**Aim of the exercise**: The response should consist of the data below, copied exactly, with no pictures in it.

**Data**:
==================================================
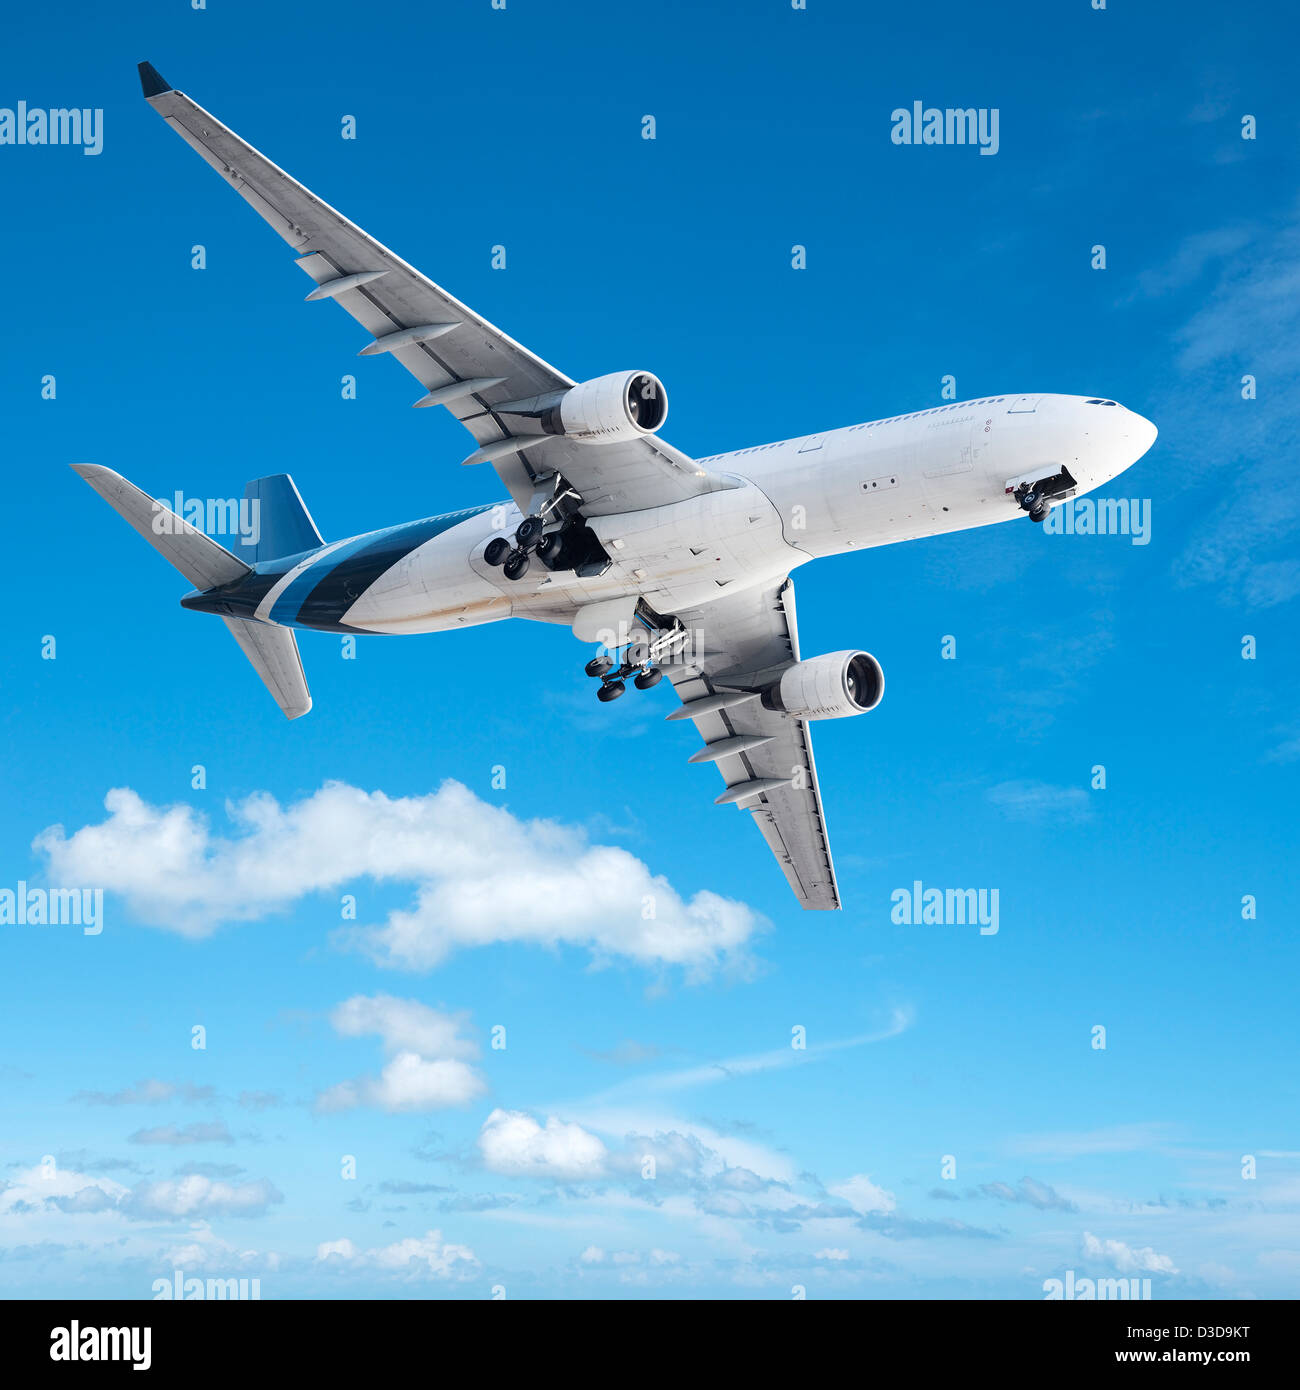 Jet in a clear blue sky. Square composition. Stock Photo
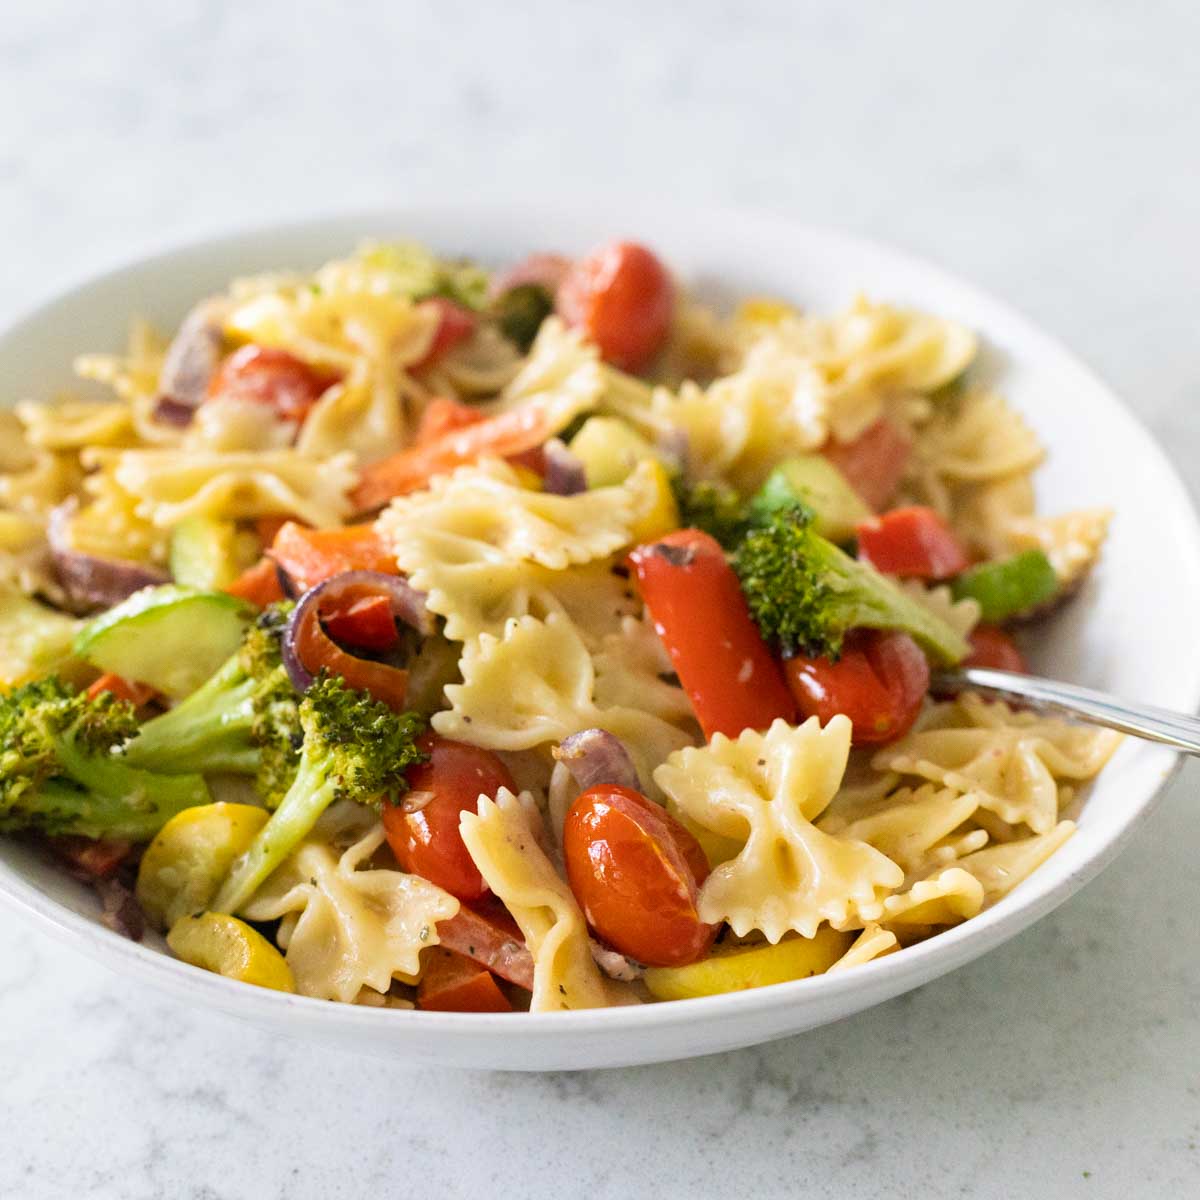 The vegetables have been tossed with farfalle pasta and are served in a white bowl.
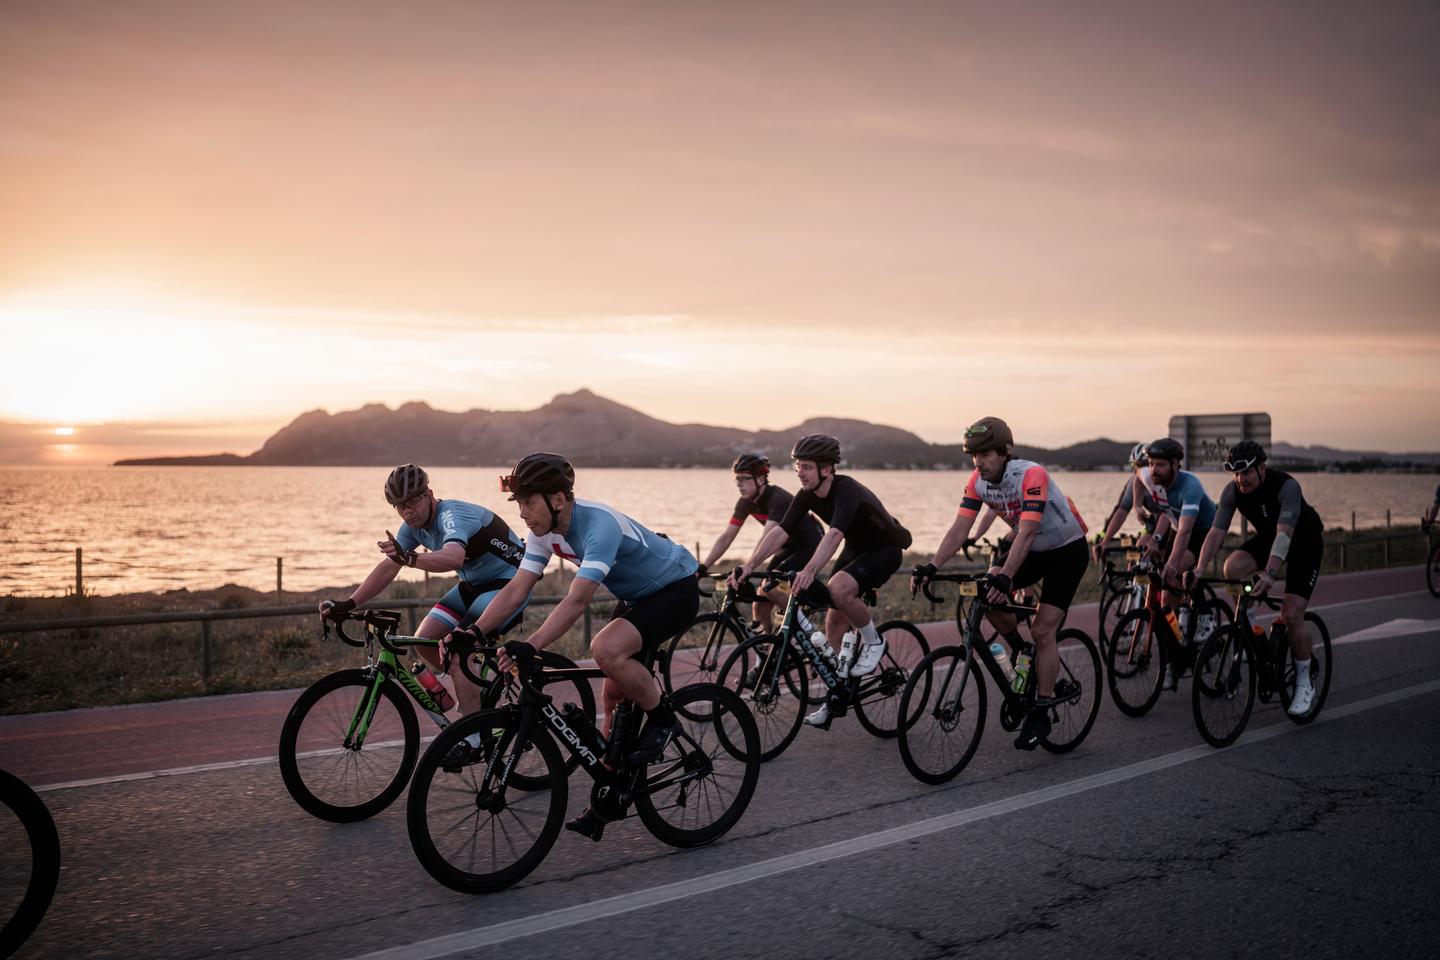 Group of cyclists riding along a coastal road at sunset, with mountains and the sea in the background. The sky is painted with warm colors, creating a serene and picturesque scene.
==================================================
**Written response**:
 Jet in a clear blue sky. Square composition. Stock Photo
 The vegetables have been tossed with farfalle pasta and are served in a white bowl.
 Group of cyclists riding along a coastal road at sunset, with mountains and the sea in the background. The sky is painted with warm colors, creating a serene and picturesque scene.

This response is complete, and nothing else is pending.